如何只为字典中的键存储3个值？ 蟒蛇

Question

So I tried to only allow the program to store only last 3 scores(values) for each key(name) however I experienced a problem of the program only storing the 3 scores and then not updating the last 3 or the program appending more values then it should do.

The code I have so far:

    #appends values if a key already exists
    while tries < 3:
        d.setdefault(name, []).append(scores)
        tries = tries + 1

Answer 1

Though I could not fully understand your question, the concept that I derive from it is that, you want to store only the last three scores in the list. That is a simple task.
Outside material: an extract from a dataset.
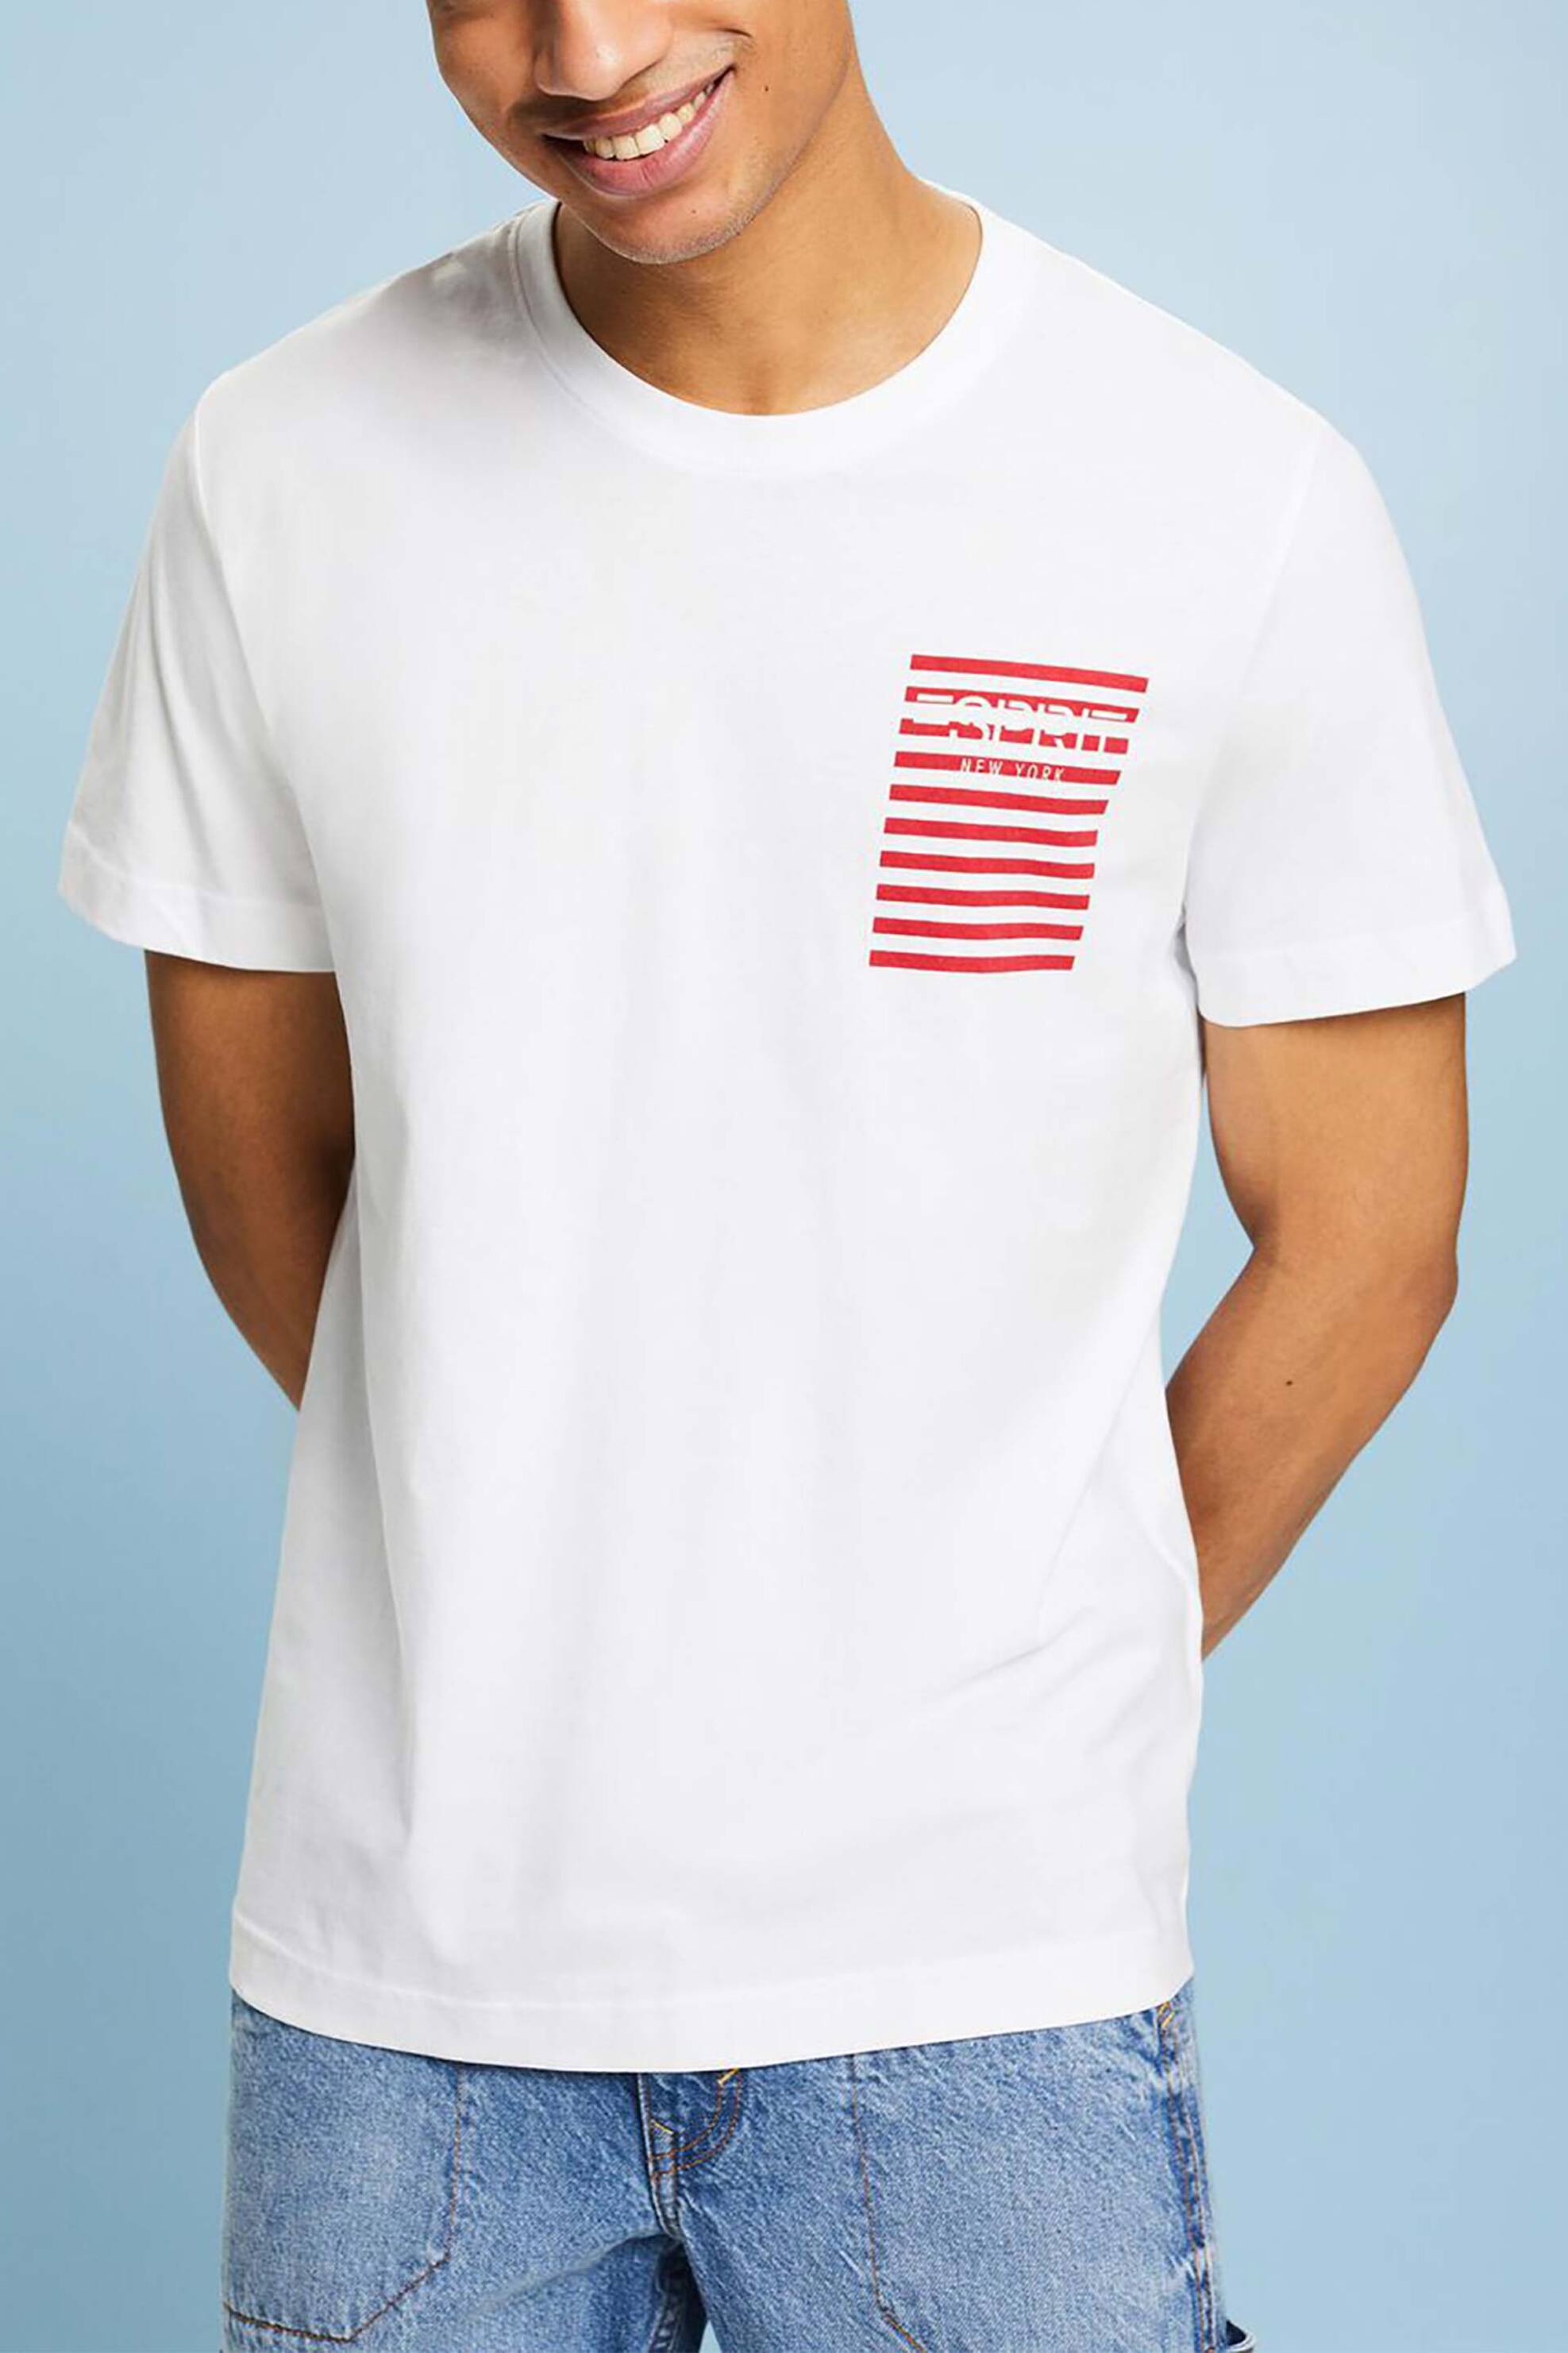 Ανδρική Μόδα > Ανδρικά Ρούχα > Ανδρικές Μπλούζες > Ανδρικά T-Shirts Esprit ανδρικό T-shirt με contrast logo Regular Fit - 014EE2K316 Λευκό

d.setdefault(name,[]).append(scores)
if len(d[name])>3:
    del d[name][0]

This code will check if the length of the list exceeds 3 for every addition. If it exceeds, then the first element (Which is added before the last three elements) is deleted

Answer 2

Use a collections.defaultdict + collections.deque with a max length set to 3:

from collections import deque,defaultdict

d = defaultdict(lambda: deque(maxlen=3))

Then d[name].append(score) , if the key does not exist the key/value will be created, if it does exist we will just append.

deleting an element from the start of a list is an inefficient solution.

Demo:

from random import randint

for _ in range(10):
    for name in range(4):
            d[name].append(randint(1,10))

print(d)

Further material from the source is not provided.